Greed and fear are the primary emotions driving China’s housing and auto markets today, as China’s lending bubble hits new heights.  For ordinary citizens, greed is the key driver:

  • Average home prices in Beijing rose an eye-popping 63% between October 2015 – February 2017
  • In Shanghai, one enterprising estate agent (realtor) has married 4 of his clients to enable them to buy a home
  • Mr Wang’s story highlights the bubble mentality that has taken over the market.  As the Daily Telegraph married 4 of his clientss, 30-year old Mr Wang:

    Married, and then quickly divorced 4 women to allow them to circumvent strict property laws which seek to cool prices in China’s booming cities, and pocketed more than £8000 ($10k) from each transaction. Once the paperwork is put through, Wang applies for a divorce and puts himself on the market again”.

    This is just the latest phase of a market craze, as I noted in November, when one Shenzhen resident told the South China Morning Post:

    “The only thing I know is that buying property will not turn out to be a loss. From several thousand yuan a square metre to more than 100,000 yuan.
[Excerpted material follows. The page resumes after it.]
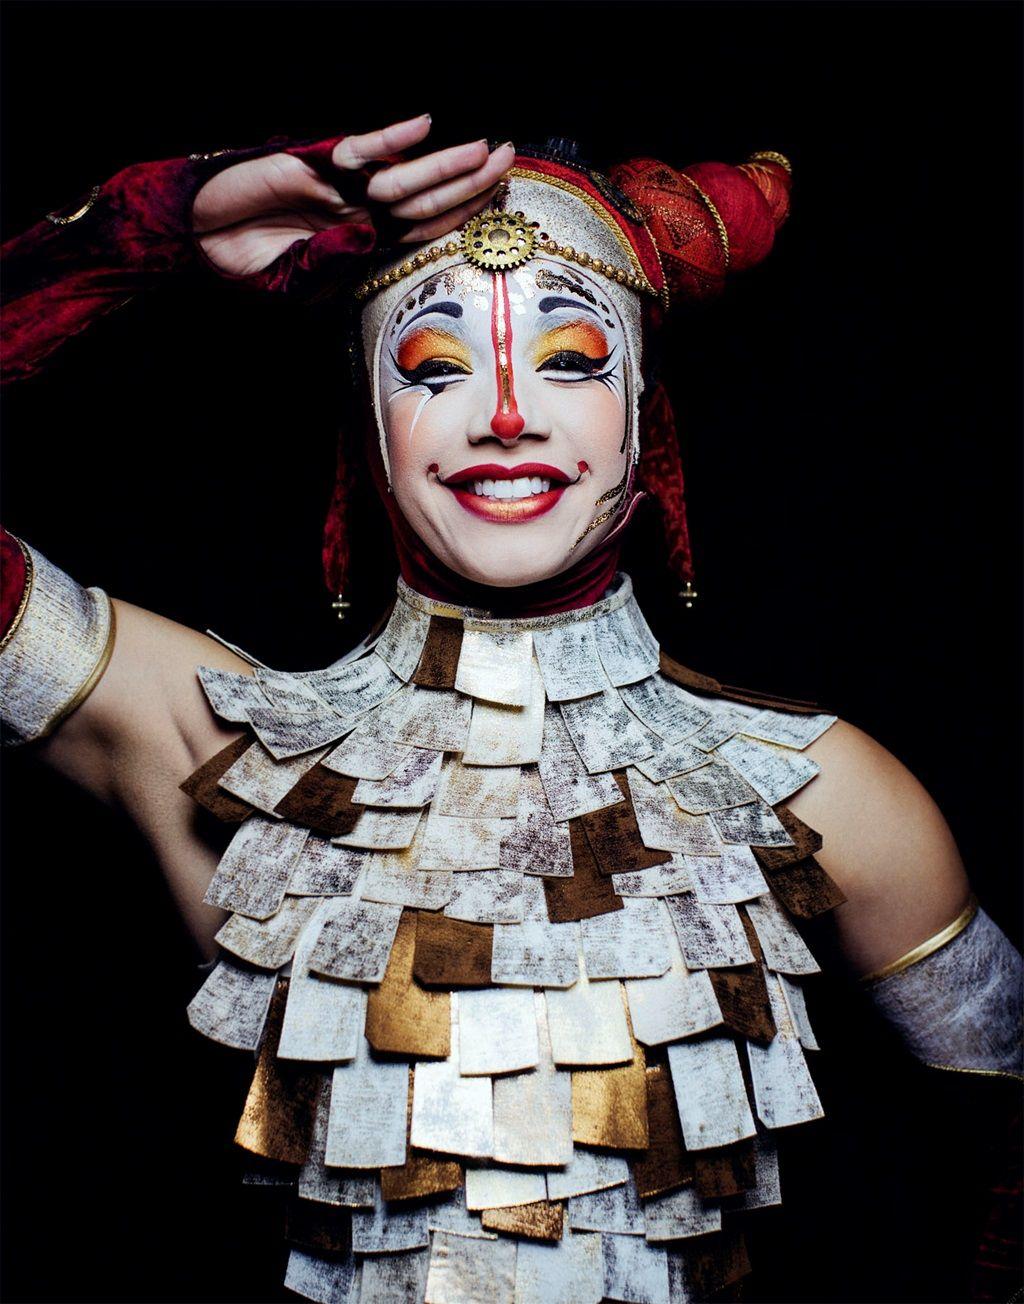 Photo Shoot with Cirque du Soleil for Allure Magazine

Did it ever fall? Nope.”  He and his wife got divorced in February, in order to buy a 4th apartment in Shanghai for 3.6m yuan (US$530k) on the basis that “ If we don’t buy this apartment, we’ll miss the chance to get rich.”

    A collective delusion has swept China’s Tier 1 cities, just as happened in the USA during the sub-prime bubble. Amazingly, China’s property bubble is even larger than sub-prime. Unremarkable pieces of land in Shanghai are now being sold at $2000/sq foot ($21500/sq metre), nearly 3 times the average land price in Manhattan, New York.

    It is understandable in some ways, as Chinese buyers have never known a downturn, as I noted in September:

    “It is also easy to forget that housing was all state-owned until 1998, and still is in most rural areas.  Urban housing was built and allocated by the state – and there wasn’t even a word for “mortgage” in the Chinese language.  Not only have home-buyers never lived through a major house price collapse, they have also had few other places to invest their money”.